The families of two missing American citizens — one of them from Waukesha — are asking the U.S. government to assist authorities in Panama in searching for their relatives after a plane crash off the coast of the Central American country last week.
Deb Velleman, 70, of Waukesha and Sue Borries, 57, of Illinois have been missing since the crash occurred Jan. 3, according to a Jan. 9 statement from the families posted on bringdebraandsuehome.com and on the Facebook account of Jake Velleman, Deb's son.
Jake Velleman posted on Facebook last week that his parents and "three of their dear friends" were on the plane and that it had suffered an engine failure and crashed the afternoon of Jan. 3. Velleman said his father, Anthony, and two others had been rescued. Velleman also said his father was being treated for non-life threatening injuries at Hospital Nacional in Panama City and that his father was scheduled Jan. 7 to undergo the first of at least two surgeries to repair fractures.
A media contact for the Velleman family, Albert Lewitinn, said that Velleman's husband, Anthony, had successful spinal surgery the evening of Jan. 10 and "is on the mend."
"The plan is to Med-evac him to Wisconsin this week, probably Thursday," said Lewitinn in an email to a reporter.
The family's Jan. 9 statement said the Panamanian government has formally asked the United States for help in the search, but so far, the U.S. government has yet to respond. It also said the families of both missing women are in Panama "anxiously awaiting news".

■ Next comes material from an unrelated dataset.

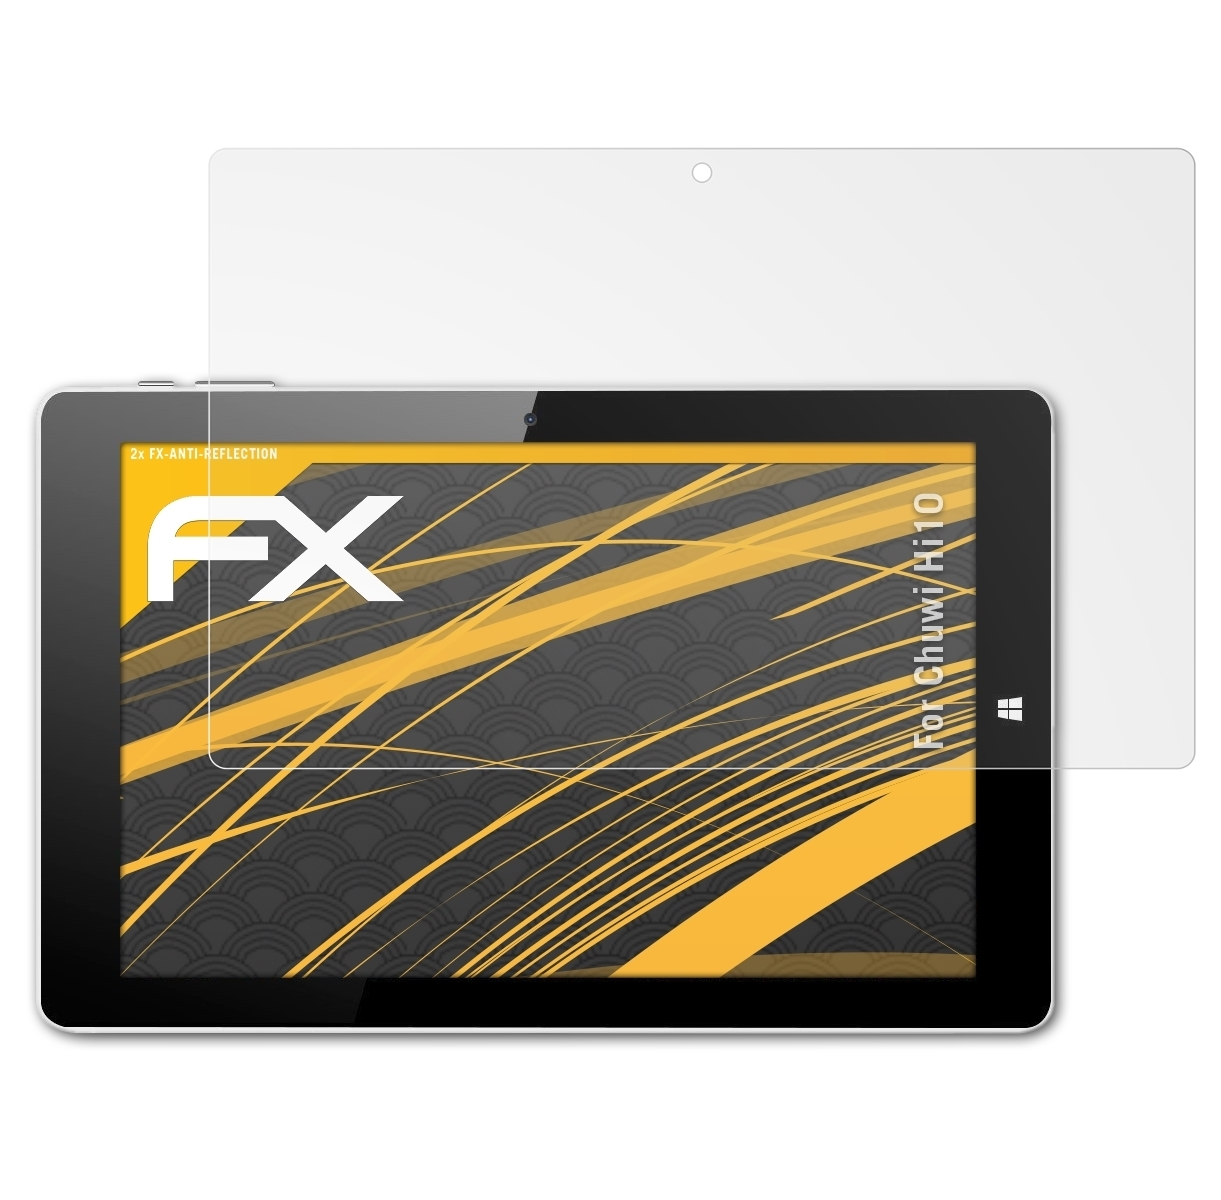 Chuwi 2x FX-Antireflex ATFOLIX Displayschutz(für Hi10)

The statement also said Panamanian authorities have been conducting a round-the-clock air, sea and land search and are aware of the aircraft's last-known coordinates — but need help locating the wrecked aircraft.
"Both the Borries family — U.S. military veterans among them — and the Velleman family urge their government to lend the personnel and equipment realistically required to bring these Americans home," the statement said.
Lewitinn said staff from both Senator Tammy Baldwin's office and Representative Scott Fitzgerald's office have reached out to Jake Velleman, who is still in Panama, on the morning of Jan. 11.
"They are pledging to get involved, but I’m awaiting to hear about what that precisely means," Lewitinn said.
One of Baldwin's aides said in an email Tuesday her office had reached out to the embassy in Panama and provided some additional details of the search effort.
John Kraus also said Baldwin had sent a letter to the Coast Guard.
Baldwin wrote in the letter that it was her understanding that the U.S. Department of State and U.S. Coast Guard have been collaborating with the Panamanian government to coordinate efforts in completing the search. She also said in her letter that "per the attached communication from the U.S. Department of State, the U.S. Coast Guard is working alongside the National Transportation Safety Board to obtain appropriate search and rescue equipment."
"The safety of U.S. citizens abroad is of critical importance to me and I would value you noting my interest in this matter and keeping me informed of the efforts underway to ensure that Ms. Velleman is found. Please keep my office advised as to the status of this critical situation, and any information that may be shared at this time regarding the efforts undertaken by the U.S. Coast Guard, State Department, NTSB, or other interagency partners will be greatly appreciated," Baldwin said.
Kelli Liegel, a press secretary for Fitzgerald's office, said in an email that his office doesn't comment on ongoing casework.
Lewitinn said on the evening of Jan. 10, the Vellemans received an email from the U.S. Embassy saying the U.S. Department of Defense and the U.S. Coast Guard reviewed the request (for assistance) "but did not have assets to deploy."
In response, Lewitinn said the family released a statement Jan. 10 saying it did not accept the embassy's response.
"Just last week, the US Charge located in Panama informed us that this is NOT a complex deep sea operation due to the location being in relatively shallow waters and close to the coast. This is a search and recovery of an airplane, more importantly and with utmost priority, recovering two U.S. Citizens," the statement said.
"The only acceptable outcome is that our loved ones are found and recovered so that our families can begin the long and difficult grieving process. Until our loved ones are recovered and brought home that cannot occur. It is the United States Government’s duty to provide much needed assistance in accomplishing this."
Missing Waukesha woman worked as a teacher for 40 years
Lewitinn said the Vellemans were originally from Appleton and moved to Waukesha, where Debra Velleman worked as a public school teacher for 40 years. The Vellemans' second home was in Panama, and the couple were spending the winter there. They lived in a community of expats and snowbirds in the area of Chame, Panama.
One of the Vellemans' friends was the owner of a bed and breakfast on Isla Contadora, off the coast of Panama, and would bring people back and forth to the island on his small plane. The Vellemans were at the bed and breakfast celebrating New Years' weekend, Lewittinn said.
On Jan. 3, the Vellemans were heading back from their weekend on the island when the plane, piloted by the bed and breakfast owner, crashed.
Jake Velleman also said in his Facebook post last week that he wanted to express his appreciation for the support his family has received.
"The love and support from the people who have touched our lives — and whose lives have been touched by my parents — is deeply meaningful to us during this devastating time," Velleman said.
This story will be updated as more information becomes available.